Akhirnya gadis itu mengangguk lemah, tak ada salahnya ia sesekali keluar mencari hiburan. Kebetulan nanti malam ia tak ada tugas mengajar malam.
"Nah, gitu dong. Pinter kek sekali-sekali," gurau Diva yang hanya dibalas Uly dengan senyum tipis yang amat sangat dipaksa.
Malam harinya, Uly dibuat terkejut setengah mati saat Diva mengajaknya masuk ke dalam klab malam, tempat terkutuk yang paling Uly benci.
"Kamu ... kamu kenapa ajak aku ke sini?" tanya Uly panik.
Sementara Diva berjalan santai sambil membenahi dress pas badan yang dikenakannya.
"Nggak apa, Ly, sesekali kamu juga harus tahu tempat yang begini."
"Kamu mau jerumusin aku atau gimana sih?" omel Uly kesal.
"Enak aja, memangnya aku temen apaan. Ini tuh biar kamu bisa sedikit lupa dengan patah hati kamu itu. Udah deh, ayo masuk! Kita cuma happy-happy, bukan mau nyerahin diri ke laki-laki," gerutu Diva tak sabar.
Uly terpaksa mengikuti langkah Diva yang kini telah menarik tangannya. Tubuh gadis itu merinding saat kakinya mulai menginjak lantai club yang terlihat sangat ramai. Suara musik mengehentak kencang, bau alkohol bercampur asap rokok membuat Uly enggan menghirup udara di dalam.
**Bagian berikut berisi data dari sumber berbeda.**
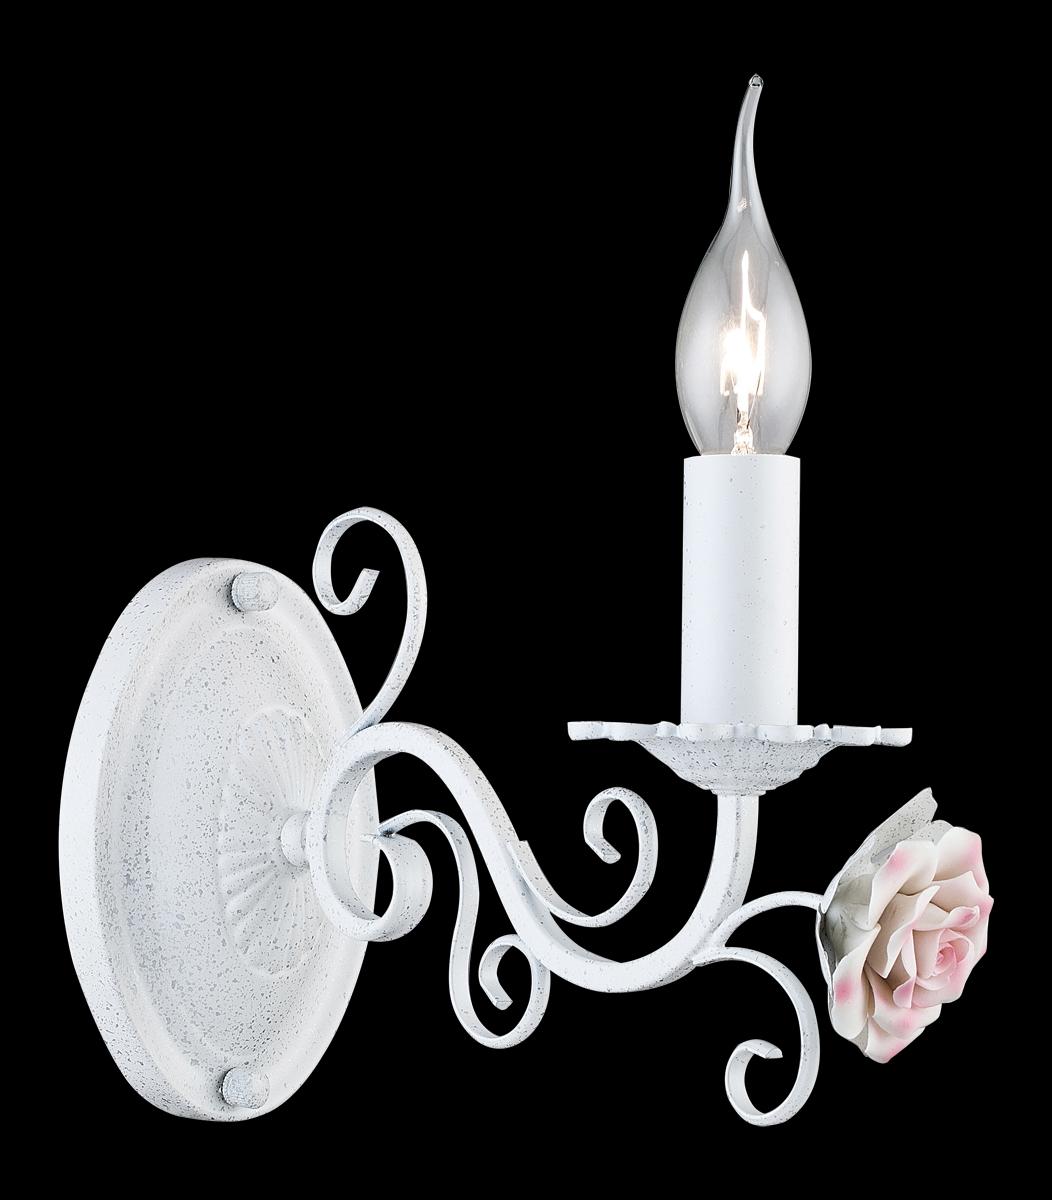 Бра Natali Kovaltseva Olga, 1 х E14, 40W. 11384/1WOLGA 11384/1W WHITE SILVERБра Natali Kovaltseva, выполненное в изысканном классическом стиле, станет украшением вашей комнаты и изысканно дополнит интерьер. Изделие крепится к стене. Такое бра отлично подойдет для освещения кабинета, спальни или гостиной. Бра изящной формы выполнено из металла с покрытием под мрамор и декорировано керамической розочкой. К данному типу светильников отлично подойдет лампочка в форме свечи. В коллекциях Natali Kovaltseva представлены разные стили - от классики до хайтека. Дизайн и технологическая составляющая продукции разрабатывается в R&D центре компании, который находится в г. Дюссельдорф, Германия. При производстве продукции используются высококачественные и эксклюзивные материалы: хрусталь ASFOR, муранское стекло, перламутр, 24-каратное золото, бронза. Производство светильников соответствует стандарту системы менеджмента качества ISO 9001-2000. На всю продукцию ТМ Natali Kovaltseva распространяется гарантия.

"Mas, winenya dong." Diva memesan minuman pada bartender.
Sang pria berambut coklat keemasan itu tersenyum cerah seraya menyiapkan pesanan Diva.
"Kamu mau minum alkohol?" tanya Uly panik.
"Dikit doang, nggak nyampe mabuk," sahut Diva santai.
"Ih, itu 'kan nggak bagus buat kesehatan, Div," ujar Uly memperingatkan, dengan suara yang dibesarkan karena berisiknya ruangan ini.
"Patah hati juga nggak bagus buat kesehatan, Ly," sahut Diva santai.
Gadis itu ingin kembali mengingatkan, tapi terjeda saat pesanan Diva datang. "Wine for beautiful ladies."
Diva membalas senyum pria itu seraya menerima minumannya.
"Kamu harus coba." Gadis itu menyodorkan gelas itu ke hadapan Uly.
"Nggak mau!" sahutnya sambil menutup mulut dengan kedua tangan.
"Dikit aja," ucap Diva meyakinkan.
Uly terus menolak dan Diva tetap memaksa. Hal itu berlangsung sampai beberapa menit, hingga Uly akhirnya kembali mengalah dan mengikuti kemauan Diva.